What is Glycogen Storage Disease (Type I, II)?
 
Glycogen Storage Disease (GSD) is a rare autosomal recessive inherited metabolic disorder caused by defects in enzymes involved in glycogen synthesis or degradation, leading to abnormal glycogen accumulation in organs such as the liver and muscles. At least 19 subtypes are known, with Type I (GSD Type I, hepatic form) and Type II (GSD Type II, Pompe disease) being the most common, accounting for approximately 40% of GSD cases combined. The incidence of GSD I is about 1 in 100,000 to 1 in 20,000, and GSD II is about 1 in 100,000 to 1 in 14,000, with slight variations among subtypes.

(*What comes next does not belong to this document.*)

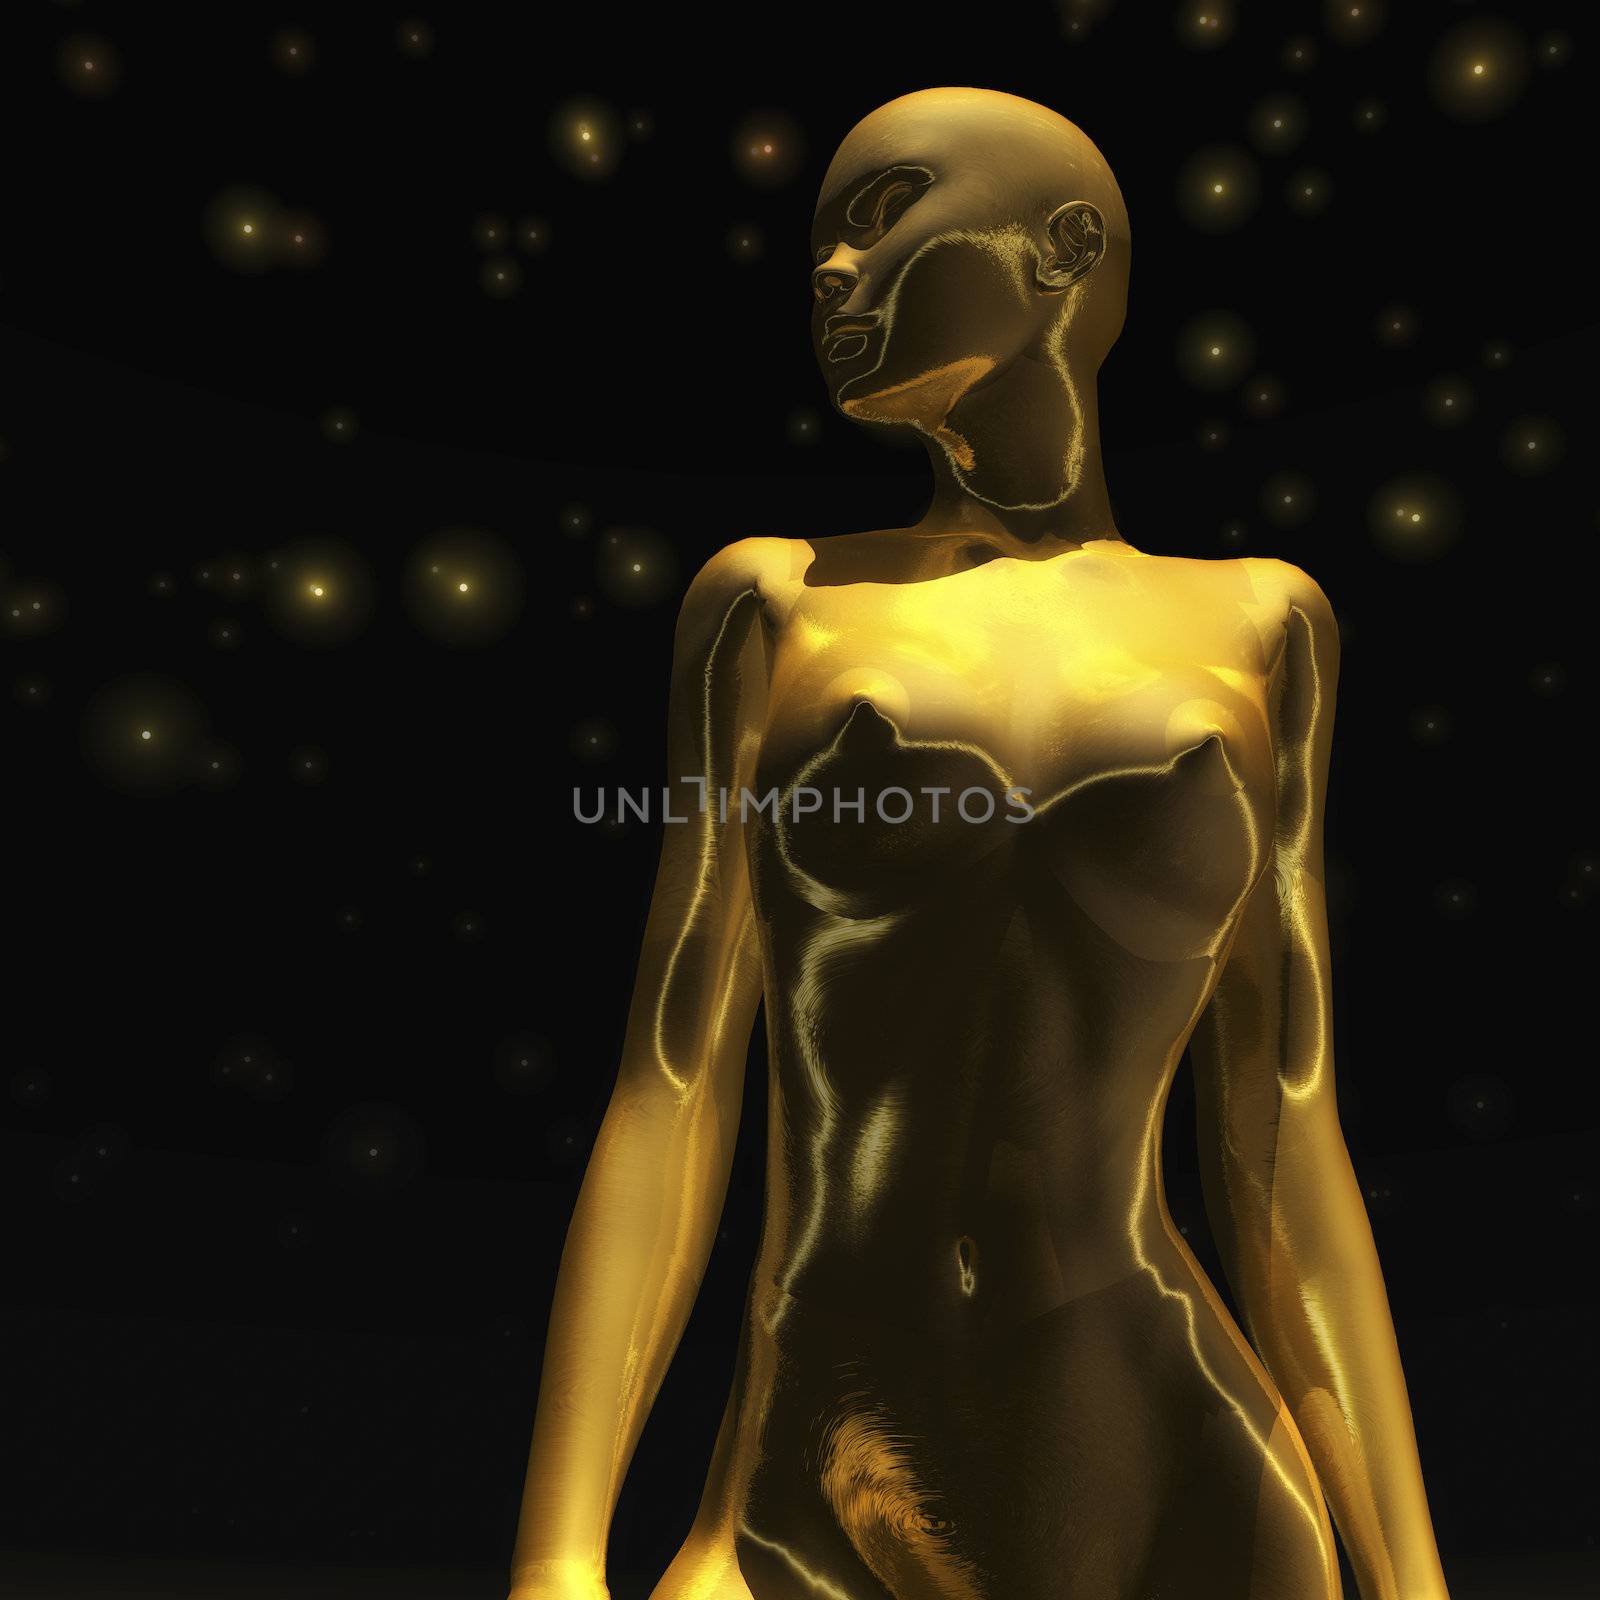 Digital visualization of a cosmic girl

GSD I is divided into two subtypes:
 
1.  Ia Type (80% of GSD I): Deficiency of glucose-6-phosphatase (G6PC), leading to the classic GSD Ia tetrad: hypoglycemia, hepatomegaly, hyperlactatemia, hyperuricemia, and hypertriglyceridemia.
2.  Ib Type (20% of GSD I): Deficiency of the G6P transporter (SLC37A4), presenting with the same metabolic abnormalities as Ia plus neutropenia and recurrent infections.
GSD II (Pompe Disease): Accounts for 15% of GSD. Deficiency of lysosomal acid alpha-glucosidase (GAA) leads to glycogen deposition in muscles throughout the body. The infantile form presents with hypertrophic cardiomyopathy and respiratory failure, while the late-onset form presents with progressive muscle weakness. It is classified based on age of onset and primary organs affected into Infantile-Onset Pompe Disease (IOPD) and Late-Onset Pompe Disease (LOPD).
 
(Image: Cleveland Clinic)

Pathogenesis
 
GSD Ia Type: Mutations in the G6PC gene cause glucose-6-phosphatase-α deficiency, preventing hydrolysis of glucose-6-phosphate (G6P) into free glucose within the endoplasmic reticulum lumen. This interrupts glycogenolysis and gluconeogenesis, leading to G6P accumulation in hepatocytes, enhanced glycolysis and lactic acidosis, activation of the pentose phosphate pathway and increased uric acid production, and increased acetyl-CoA leading to hyperlipidemia—forming the classic GSD Ia tetrad. The most common mutations in China are c.648G>T (57%) and c.248G>A (14%).
 
GSD Ib Type: Mutations in the SLC37A4 gene cause deficiency of the glucose-6-phosphate transporter (G6pt), preventing G6P transport from the cytosol into the ER lumen for hydrolysis by G6Pase, resulting in metabolic abnormalities identical to Ia. Additionally, loss of endoplasmic reticulum antioxidant protection in granulocytes leads to increased neutrophil apoptosis and dysfunction. The most common mutations in China are c.572C>T and c.446G>A.
(Image: PubMed)

GSD II Type (Pompe Disease): The causative GAA gene is located at 17q25.3 and contains 20 exons. Mutations reduce lysosomal acid alpha-glucosidase activity, preventing glycogen degradation within lysosomes. This leads to massive accumulation ("glycogen foam") within lysosomes of skeletal, cardiac, and smooth muscle cells, causing vacuolar degeneration, autophagy-mitochondrial dysfunction, and ultimately cell destruction.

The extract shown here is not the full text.